The hardware description of this CPU is done by using a very software oriented approach (without any overhead in the generated hardware). Here is a list of software concepts used:

There are very few fixed things. Nearly everything is plugin based. The PC manager is a plugin, the register file is a plugin, the hazard controller is a plugin, ...
There is an automatic a tool which allows plugins to insert data in the pipeline at a given stage, and allows other plugins to read it in another stage through automatic pipelining.
There is a service system which provides a very dynamic framework. For instance, a plugin could provide an exception service which can then be used by other plugins to emit exceptions from the pipeline.

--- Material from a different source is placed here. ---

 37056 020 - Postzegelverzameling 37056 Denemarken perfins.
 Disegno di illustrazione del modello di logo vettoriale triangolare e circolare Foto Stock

There is a gitter channel for all questions about VexRiscv :

For commercial support, please contact spinalhdl@gmail.com.

Note you may be interested VexiiRiscv (https://github.com/SpinalHDL/VexiiRiscv).

Area usage and maximal frequency

The following numbers were obtained by synthesizing the CPU as toplevel on the fastest speed grade without any specific synthesis options to save area or to get better maximal frequency (neutral). The clock constraint is set to an unattainable value, which tends to increase the design area. The dhrystone benchmark was compiled with the -O3 -fno-inline option. All the cached configurations have some cache trashing during the dhrystone benchmark except the VexRiscv full max perf one. This, of course, reduces the performance. It is possible to produce dhrystone binaries which fit inside a 4KB I$ and 4KB D$ (I already had this case once) but currently it isn't the case. The CPU configurations used below can be found in the src/scala/vexriscv/demo directory.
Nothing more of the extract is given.